漢書卷七十 傅常鄭甘陳叚傳第四十 甘延壽

郅支単于討伐

  • 甘延壽、字は君況。北地郁郅の人。羽林で投石抜距の技に優れ、遼東太守などを経て諫大夫・西域都護騎都尉として副校尉陳湯と共に郅支単于を誅斬、義成侯に封じられたが、子孫は王莽の代に絶えた。

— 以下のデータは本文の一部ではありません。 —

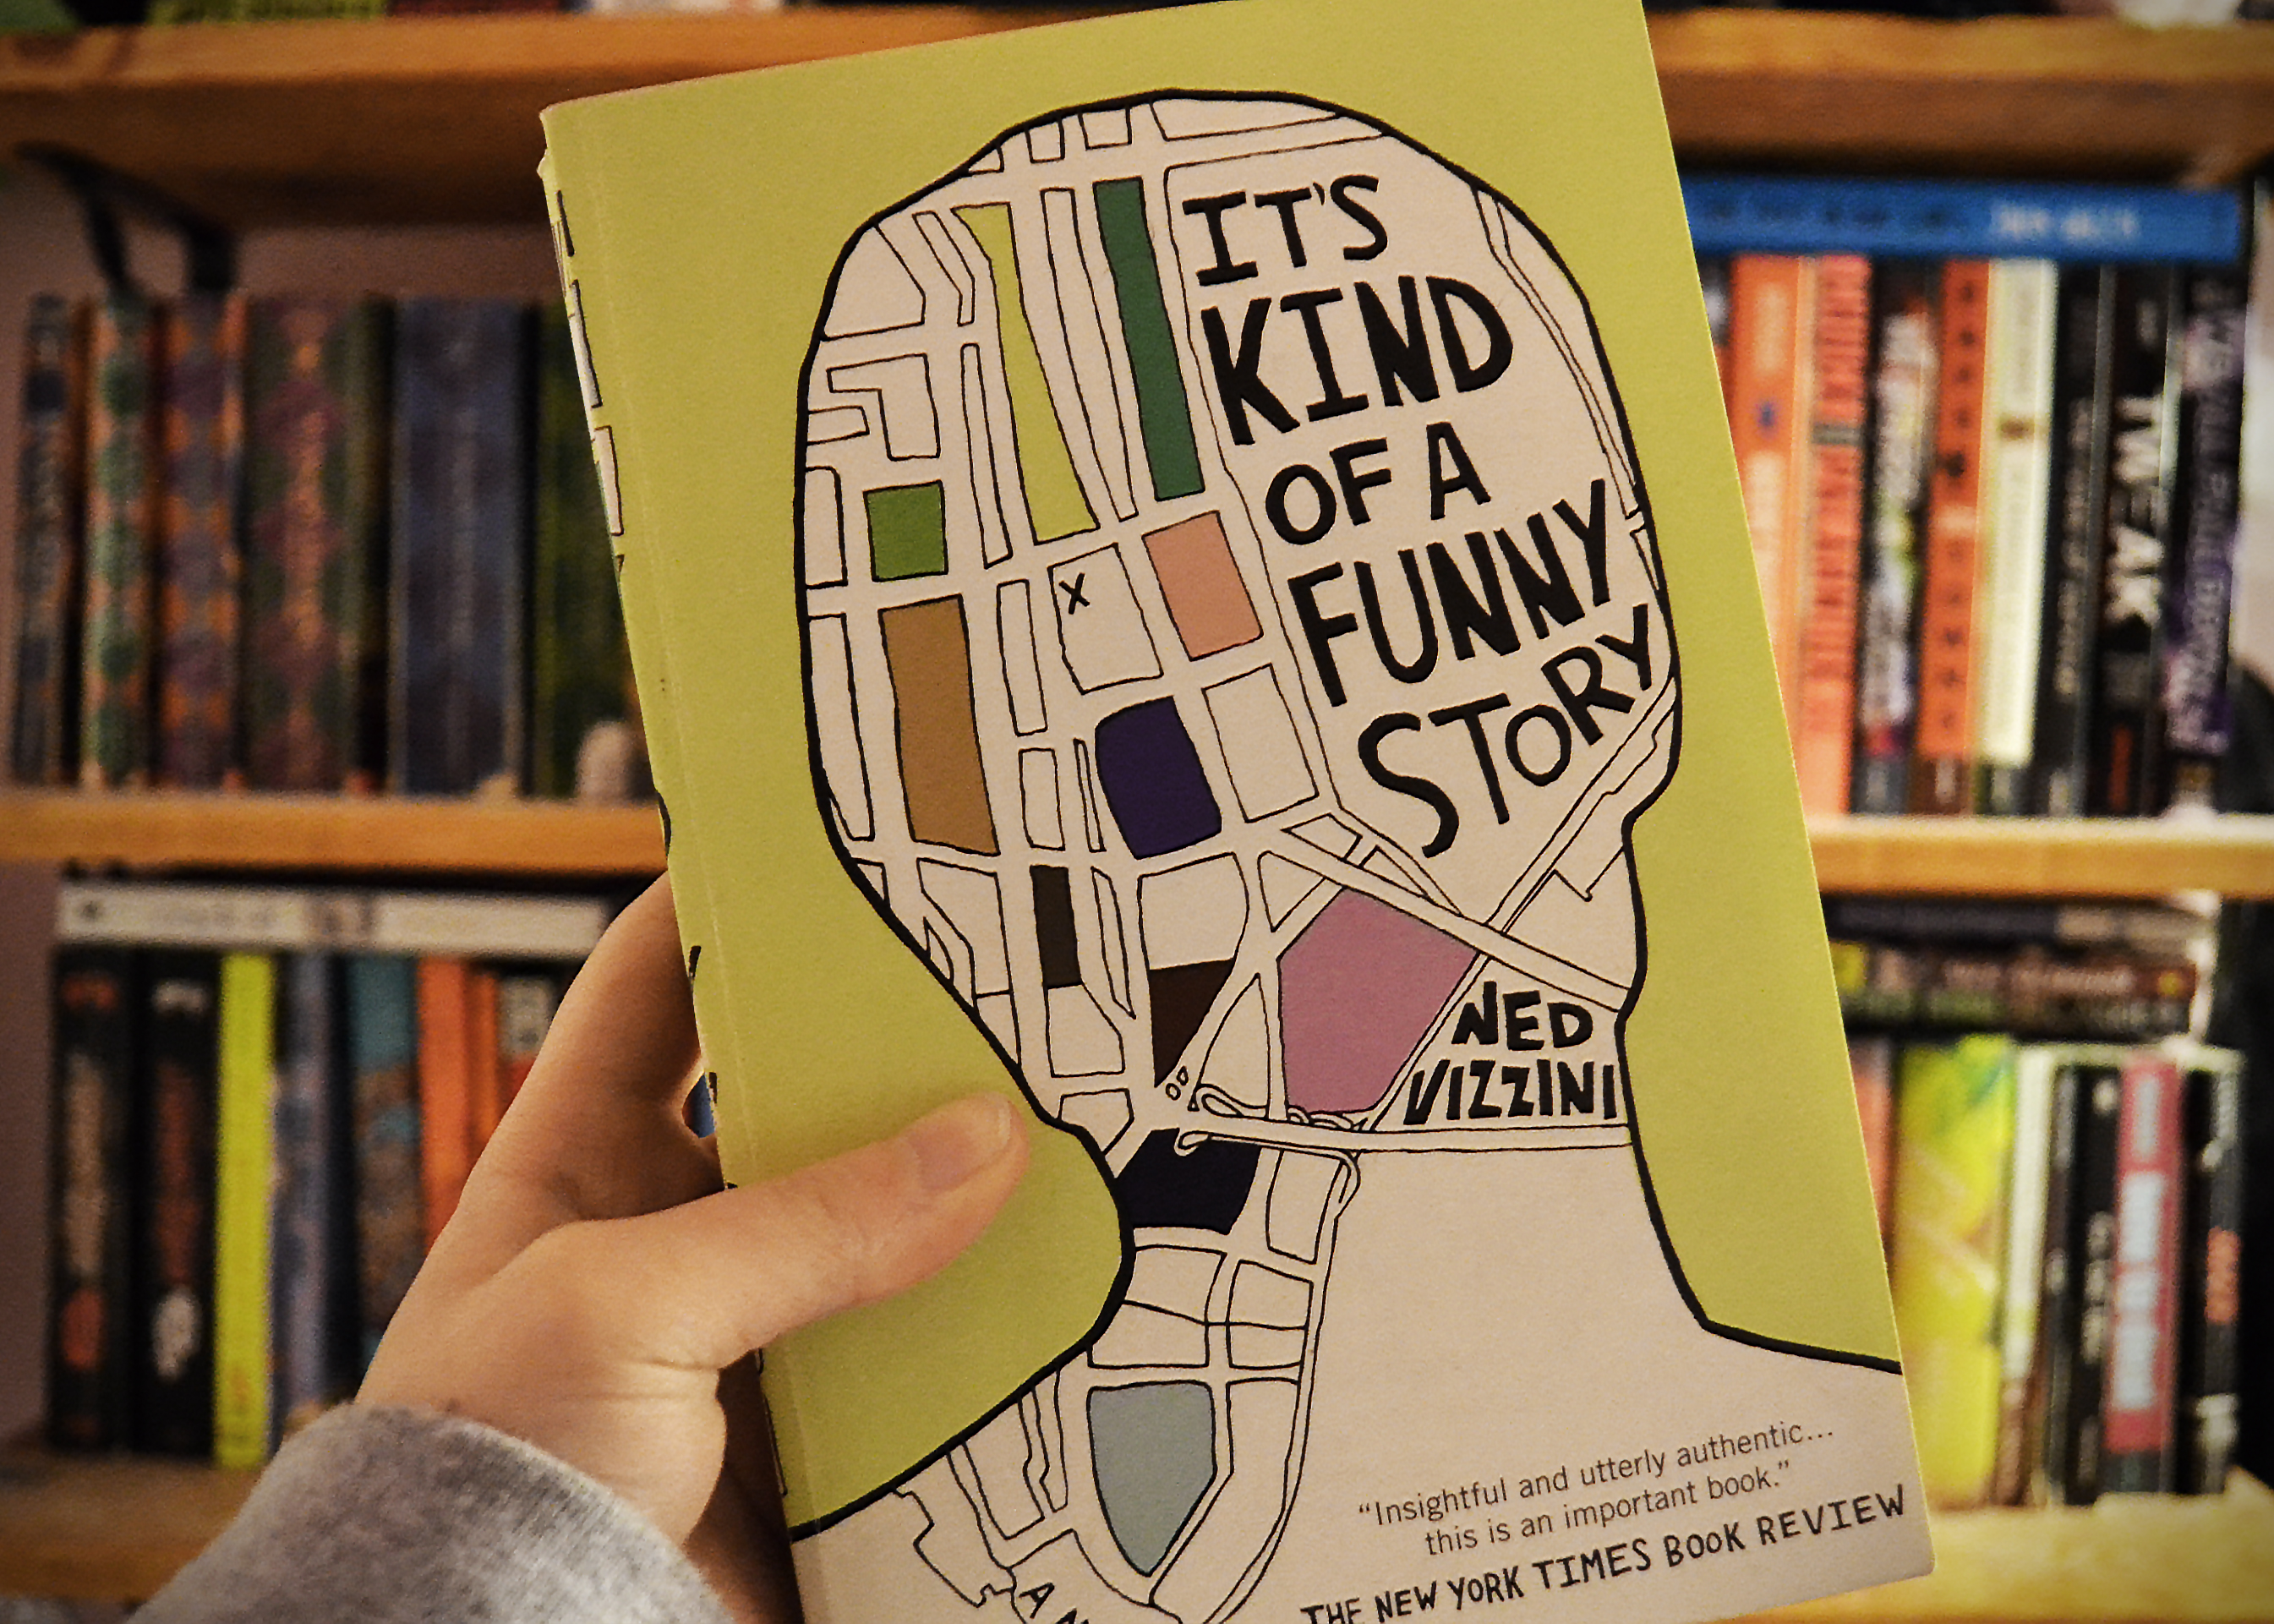 It's Kind Of A Funny Story by Ned Vizzini
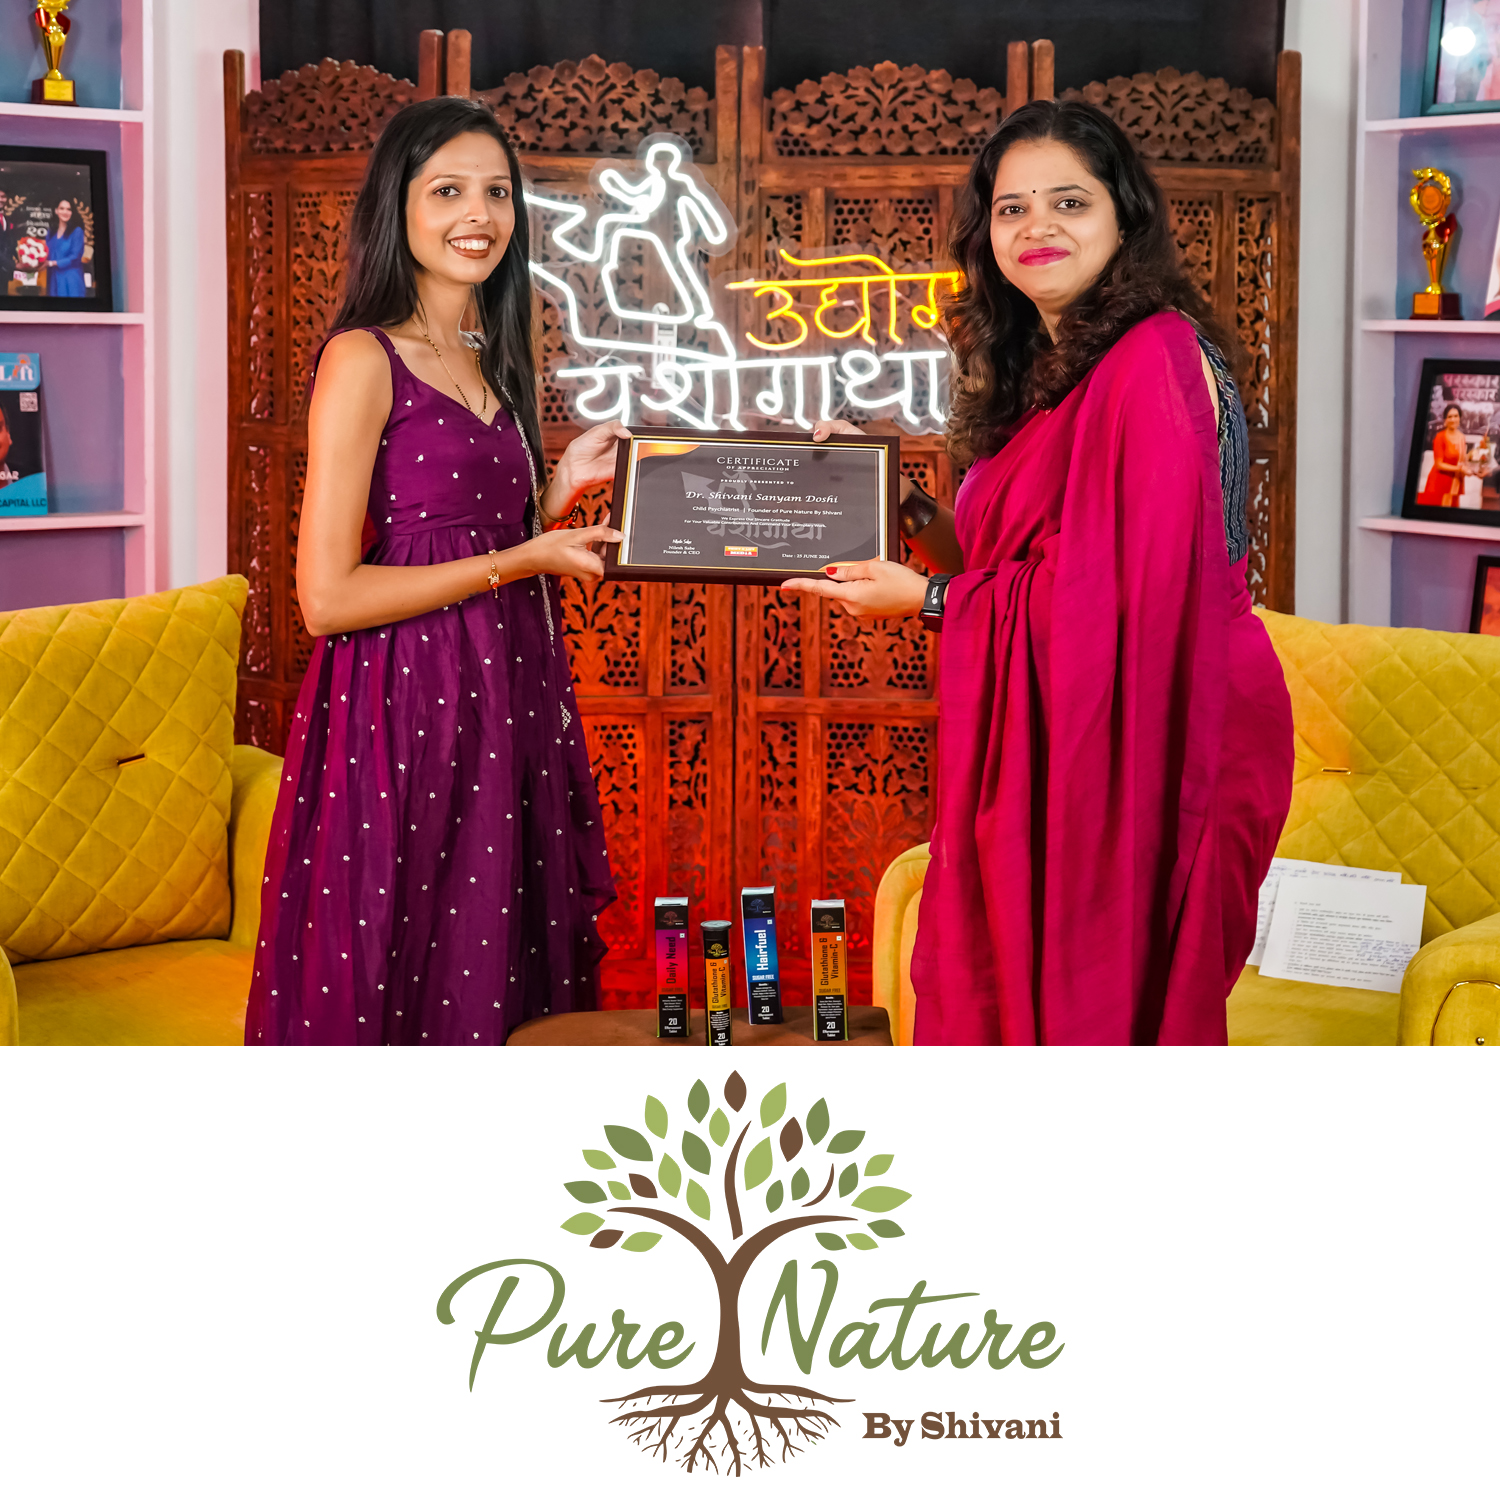 Pure Nature by Shivani: A Journey Towards Natural Beauty

  • 陳湯、字は子公。山陽瑕丘の人。博学だが素行に難があり、初元二年茂材に挙げられるも父の喪に奔らなかった罪で下獄、後に薦により郎となり西域副校尉として延寿と赴任した。当時匈奴は呼韓邪・郅支両単于が争い、呼韓邪は漢に降ったが郅支は西方の呼偈・堅昆・丁令を併せて自立し、漢の使者江迺始を辱め、初元四年には侍子を送りつつも漢を軽んじる態度を取った。湯は延寿に「西域諸国は匈奴を懼れ、郅支が烏孫・大宛を服せば西域は危うい、屯田吏士と烏孫兵を発して急襲すべき」と献策、延寿が朝議を経てから動こうとするのを見て「大策は容れられない」と判断し、延寿の病中に矯制して城郭諸国・車師戊巳校尉の兵を発した。延寿は驚いて止めようとしたが湯に説得され従い、両者は上疏で矯制の罪を自ら劾しつつ出兵、漢兵・胡兵合わせて四万余で六校に分かれ、南北両道から進撃した。烏孫の副王抱闐の略奪を撃退しつつ康居に入り、郅支城に迫って囲み、四面から攻めて城を陥し、単于を斬殺、閼氏・太子・名王以下千五百十八級を斬り、生虜百四十五人・降虜千余人を得た。延寿・湯は上疏し「彊漢の名に叛いた郅支の首を蛮夷の邸間に懸けて天下に示し、明らかに彊漢を犯す者は遠くとも必ず誅されることを知らしめるべき」と論じた。